Billions from U.S. fail to sustain foreign forces

Military vehicles clog the road leading out of Kuwait City after the retreat of Iraqi forces from the city. In the foreground are looted containers and abandoned arms, and at right is a burned Iraqi Type 69 tank. (PHC HOLMES, US Navy)

There is a growing trend that  thousands of American-trained foreign security forces in the Middle East, Africa, and South Asia are either collapsing, defecting, or stalling.
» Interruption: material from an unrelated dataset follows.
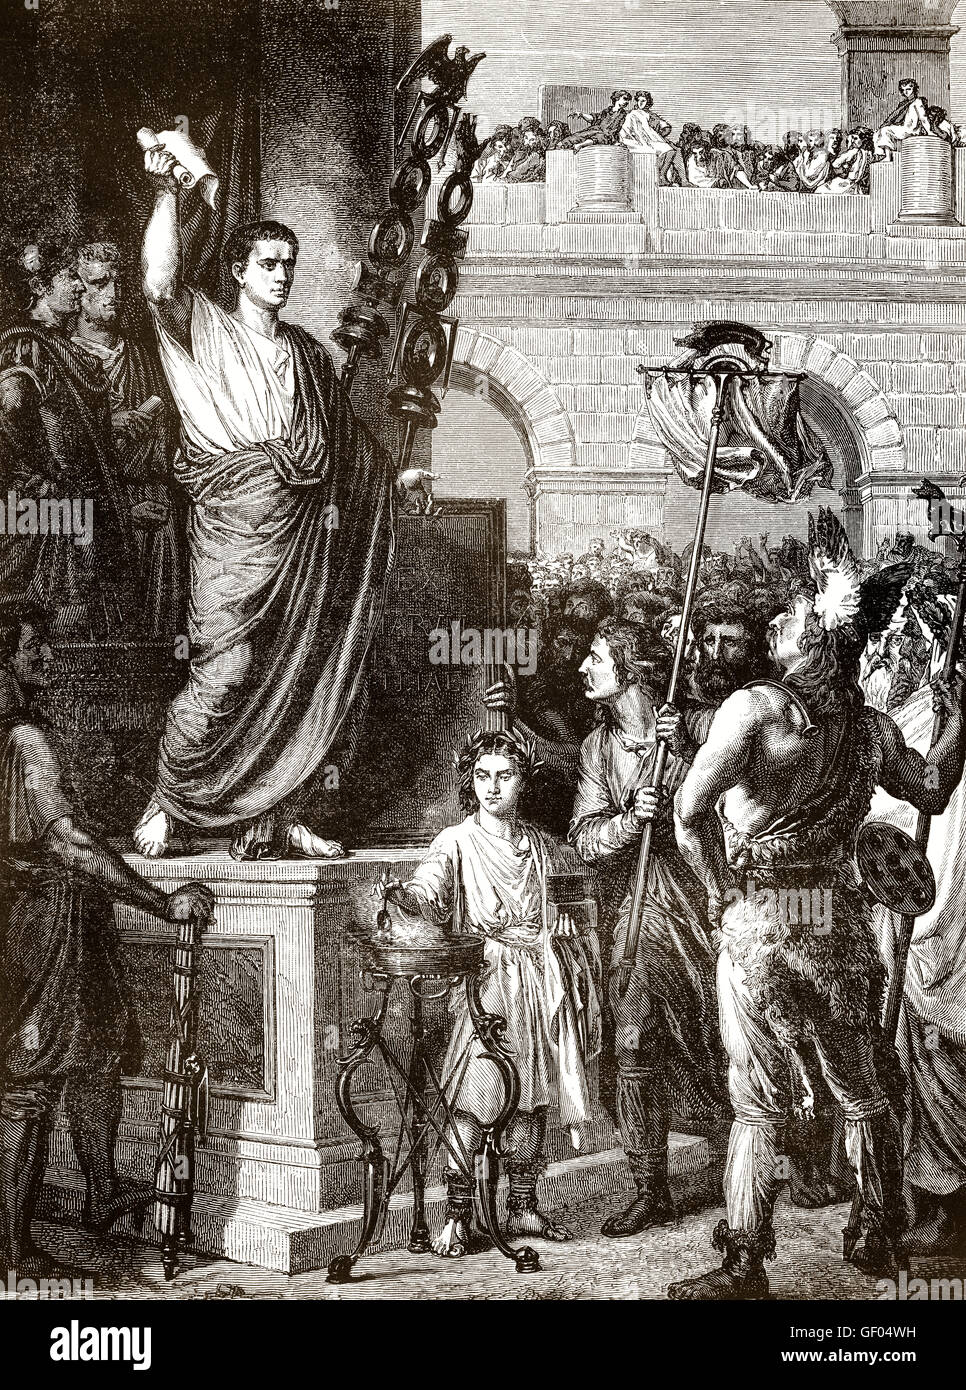 Roman Emperor Claudius oder Tiberius Claudius Caesar Augustus Germanicus, erklärt Lyon die Hauptstadt Galliens, 1. Jahrhundert Stockfoto

This has called into question the effectiveness of the tens of billions of dollars spent by the United States on foreign military training programs.
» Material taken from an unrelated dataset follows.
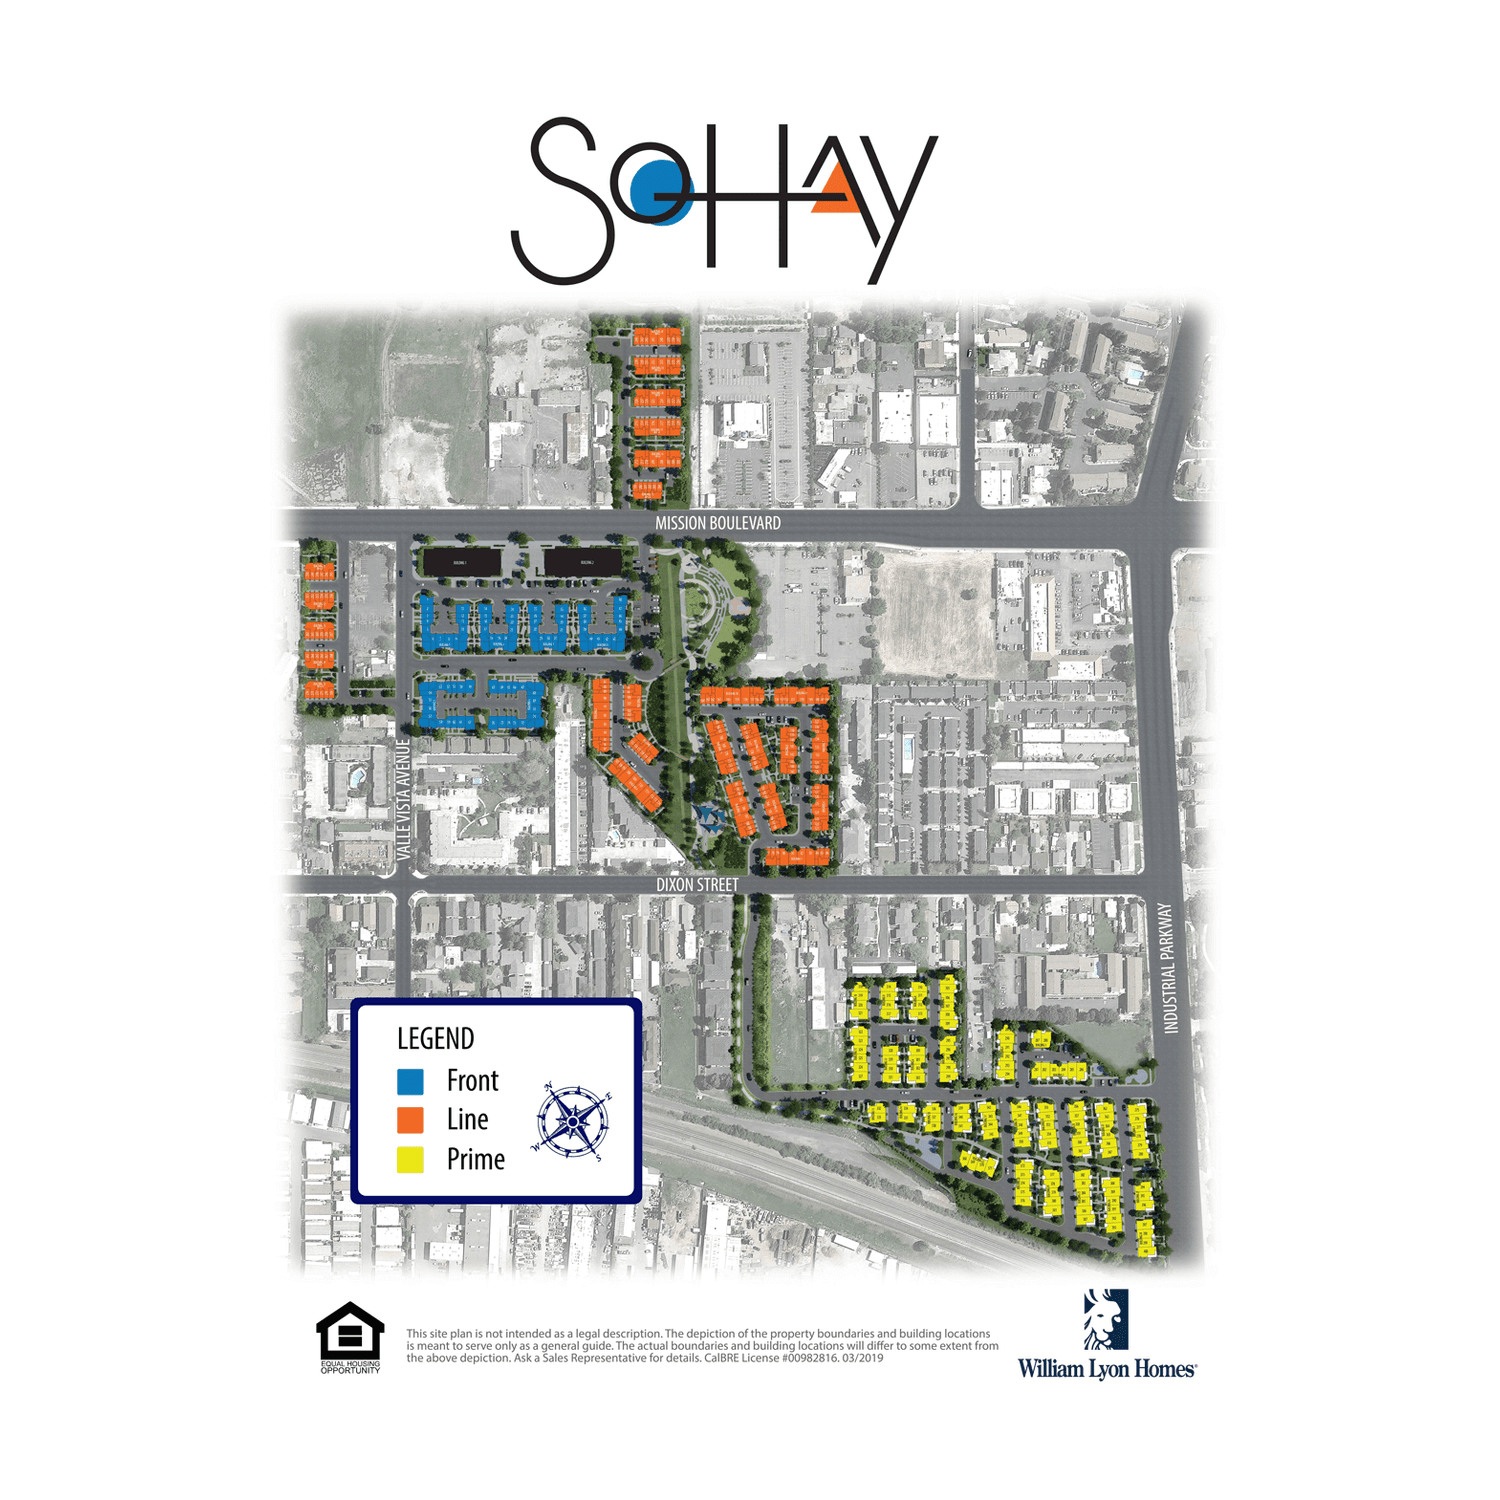 2. SoHay Prime building at 132 Nexa Court, Hayward, CA 94544

The setbacks have been most noticeable in the three countries that have presented the greatest challenges to this administration.
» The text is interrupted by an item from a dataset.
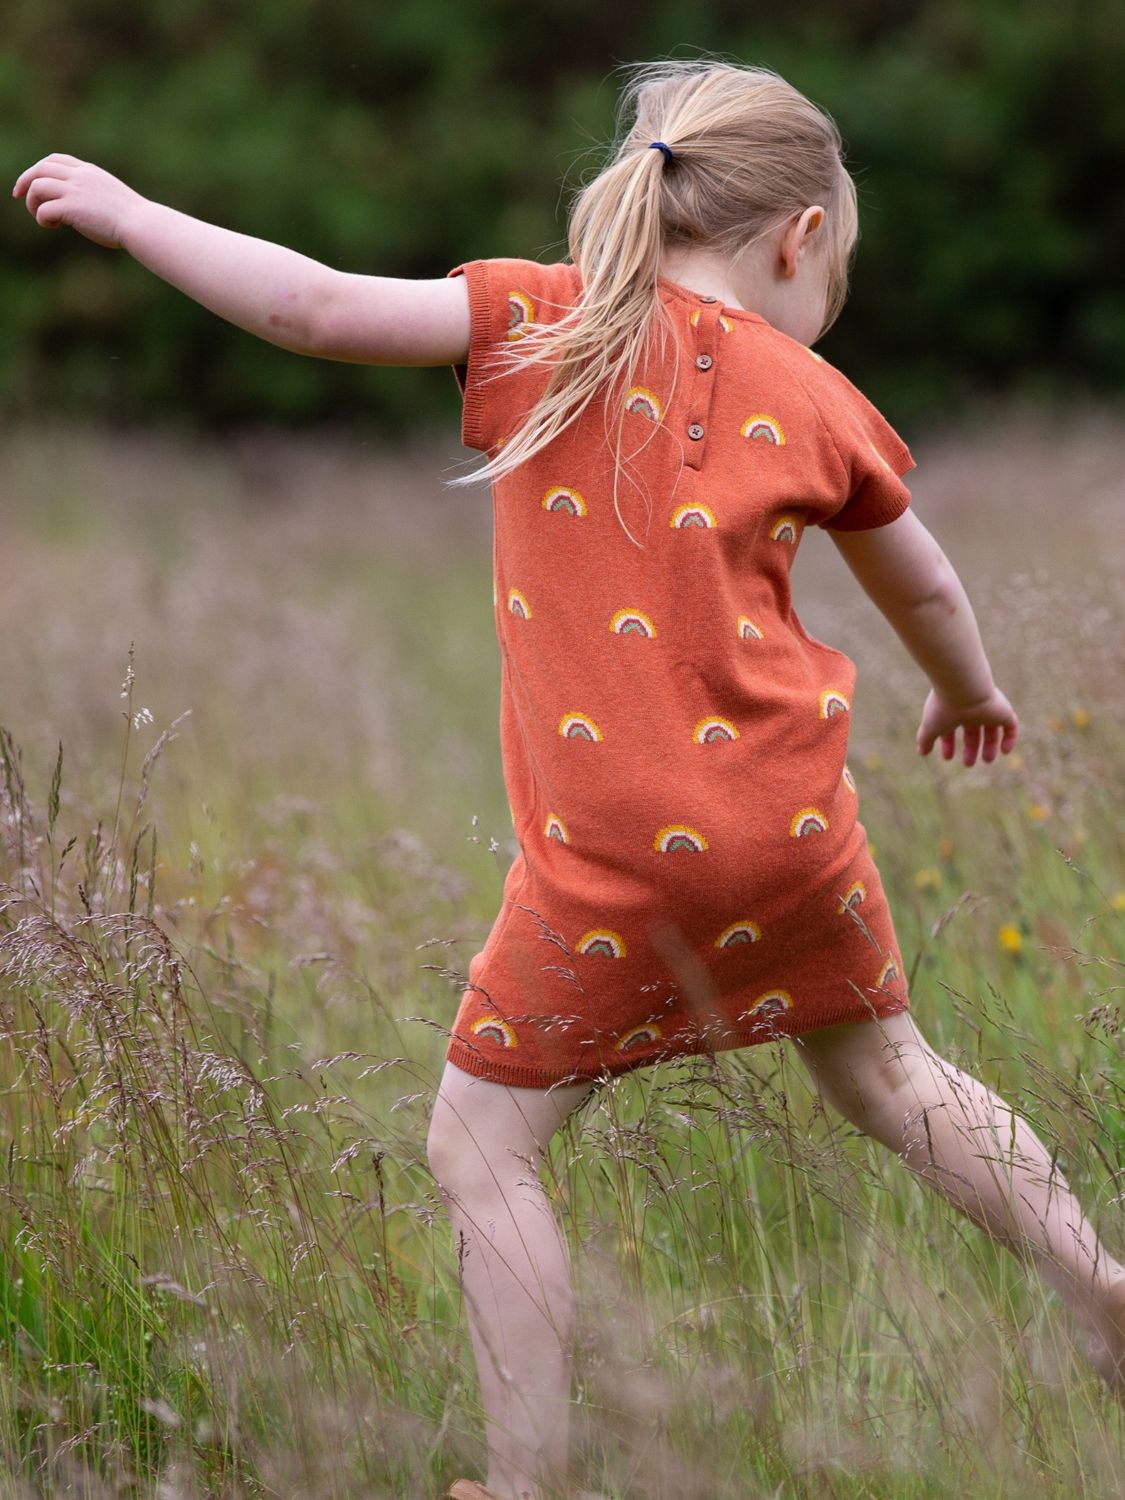 Buy Little Green Radicals Kids' Rainbow Short Sleeve Knitted Tunic Dress, Walnut Online at johnlewis.com

The Pentagon trained both the Army and police in Iraq, the base of the ISIS militant group, but they have barely engaged its forces.

In Afghanistan’s Kunduz Province, several thousand American-backed government forces and militiamen were forced to retreat last week when they were attacked by Taliban forces.

In Syria, a $500 million program to train rebel forces to fight ISIS has produced only a handful of soldiers.

The American-trained forces face problems in each country, some of which is beyond the control of the United States. According to American military and counterterrorism officials, the one problem they all have in common is poor leadership.

Without the presence of their American advisers, many of these local forces have shown an inability to fight.

“Our track record at building security forces over the past 15 years is miserable,” said Karl W. Eikenberry, a former military commander and United States ambassador in Afghanistan.

The American military has trained troops in numerous countries for decades. After the September 11, 2001 terrorist attacks, the military was tasked to train more foreign troops, especially in Afghanistan and Iraq.

At the time, the ultimate goal was to replace the large American Armies deployed there.

According to the New York Times, the push to rebuild the Iraqi Army, which was disbanded by the U.S. in 2003, was successful. But then the effort quickly crumbled after the American troops left the country due to the politicization of the Army leadership under Prime Minister Nuri Kamal al-Maliki.

American officials say the politicization of the Army leadership eroded the military’s effectiveness at all levels.

In Afghanistan, there were some notable successes. Afghan Special Forces units trained by their American counterparts proved to be very capable fighters.

Despite the fact that American-trained military forces aren’t doing very well, the practice is likely going to continue for some time because President Obama, as well as Republican and Democrats in office, are reluctant to send large amounts of American troops to handle foreign conflicts.